Dance Reviews

Royal Ballet School Summer Performance 2024

Grand Défilé. ©2024 Royal Ballet School. Photographed by Photography by ASH.
Grand Défilé. ©2024 Royal Ballet School. Photographed by Photography by ASH.

The red velvet; the gold leaf; the enormous crest above the stage: just walking into London’s Royal Opera House conveys a sense of occasion. Imagine what it’s like if you’re just 11 years old, and about to perform on the hallowed stage.

But of course they didn’t disappoint, the 200+ young performers who graced the stage on Saturday 6 July as part of the Royal Ballet School Summer Performance.

Emile Gooding in Concerto Grosso by Helgi Tómasson. ©2024 Royal Ballet School. Photographed by Photography by ASH.
Emile Gooding in ‘Concerto Grosso’ by Helgi Tómasson. ©2024 Royal Ballet School. Photographed by Photography by ASH.

The afternoon was loaded with emotion even before a dance step was taken, with Christopher Powney noting this was his “tenth and final time” as master of the annual event (Powney hands over the RBS reins to Iain Mackay later this month), before introducing Lynn Wallis OBE, who gave a moving tribute to Barbara Fewster, former Ballet Principal and Associate Director of the School, who passed away in early July.

When I worked in the dance world I often observed that dancers appear much taller on stage that they do off it. But the opposite was true of the younger White Lodge students, who looked tiny on the vast ROH stage. But they wore it well.

'Paquita', after Marius Petipa, Maia Rose Roberts & Ravi Cannonier-Watson. ©2024 Royal Ballet School. Photographed by Photography by ASH.
‘Paquita’, after Marius Petipa, Maia Rose Roberts & Ravi Cannonier-Watson. ©2024 Royal Ballet School. Photographed by Photography by ASH.

We were treated to excerpts of Petipa’s Paquita, with graduating student Emile Gooding winning particular applause for his blur of leaps, beats and spins.

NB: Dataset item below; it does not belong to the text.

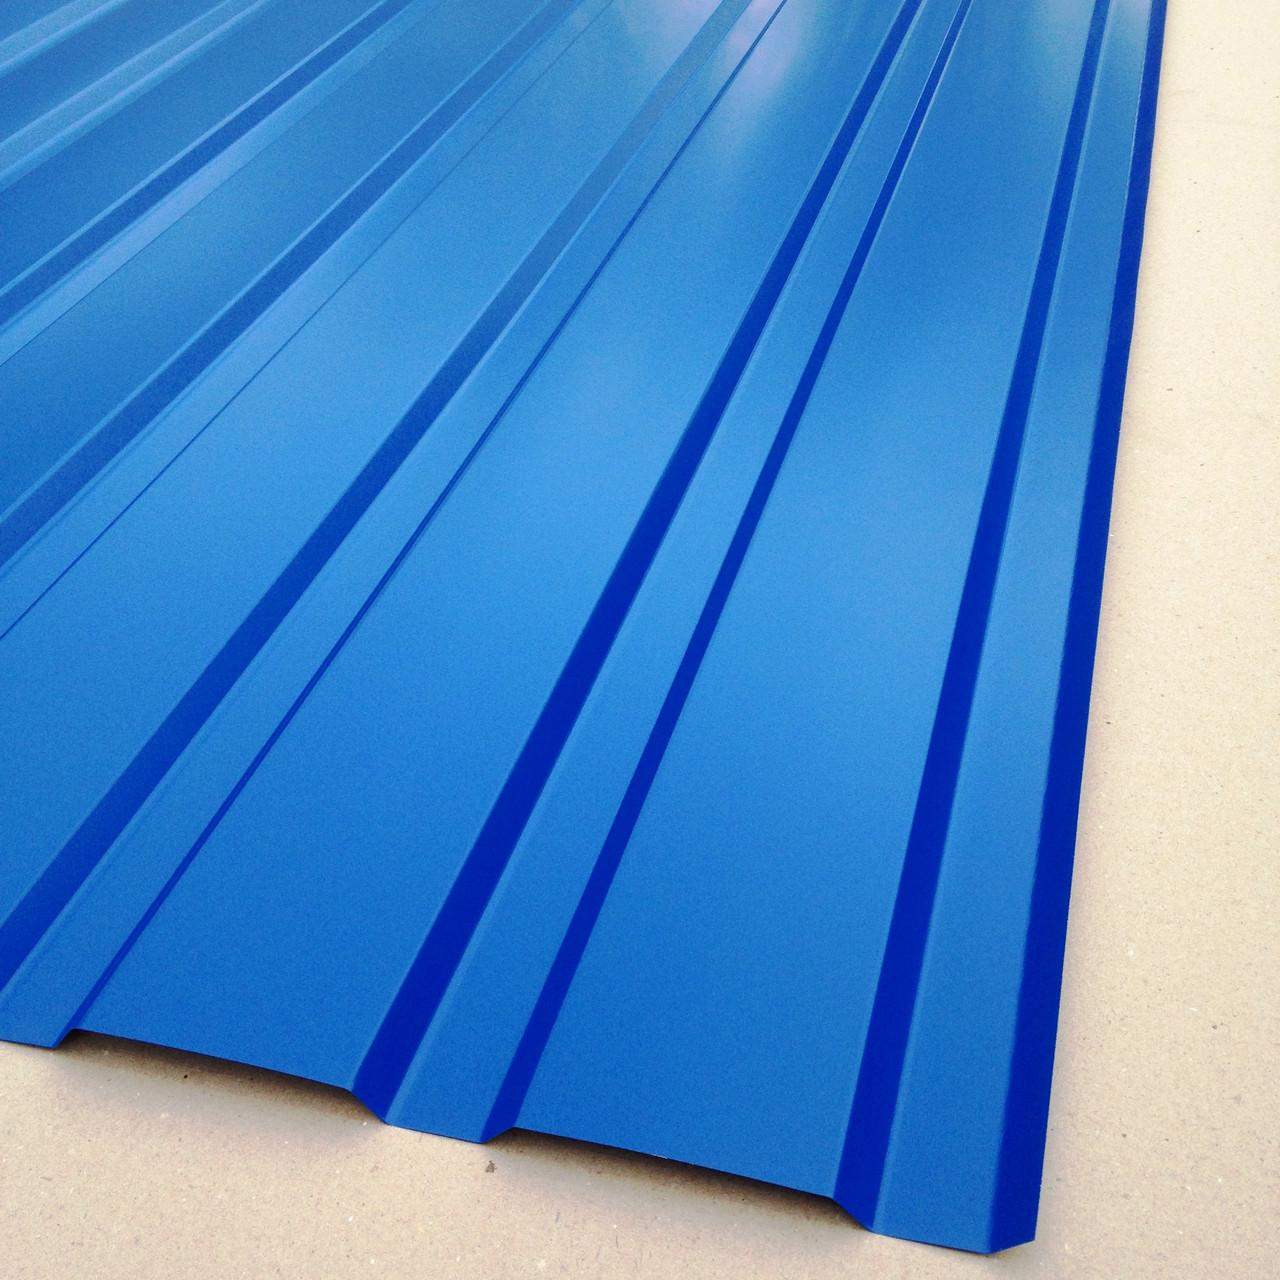 Профнастил для забору, колір: синій ПС-20, 0,30 мм; висота 1.5 метра ширина 1,16 м

Didy Veldman’s Toot – with instantly-recognisable music from Shostakovich – was a complete change of tone, allowing the older students to showcase their acting and performance skills.

I was struck too by Royal Remix, choreographed by Iva Lešić, with its genuinely exhilarating music and playful choreography, and its seeming determination to let kids be kids. A child in the audience behind me – perhaps a sibling of one of the performers – said: “Daddy, it’s so funny.” I didn’t disagree.

Ravel’s La Valse – a delightful subversion of the traditional Straussian waltz – was lavishly staged and had a movie-like quality, with the curtain falling at the end of the performance in perfect synchronisation with the music.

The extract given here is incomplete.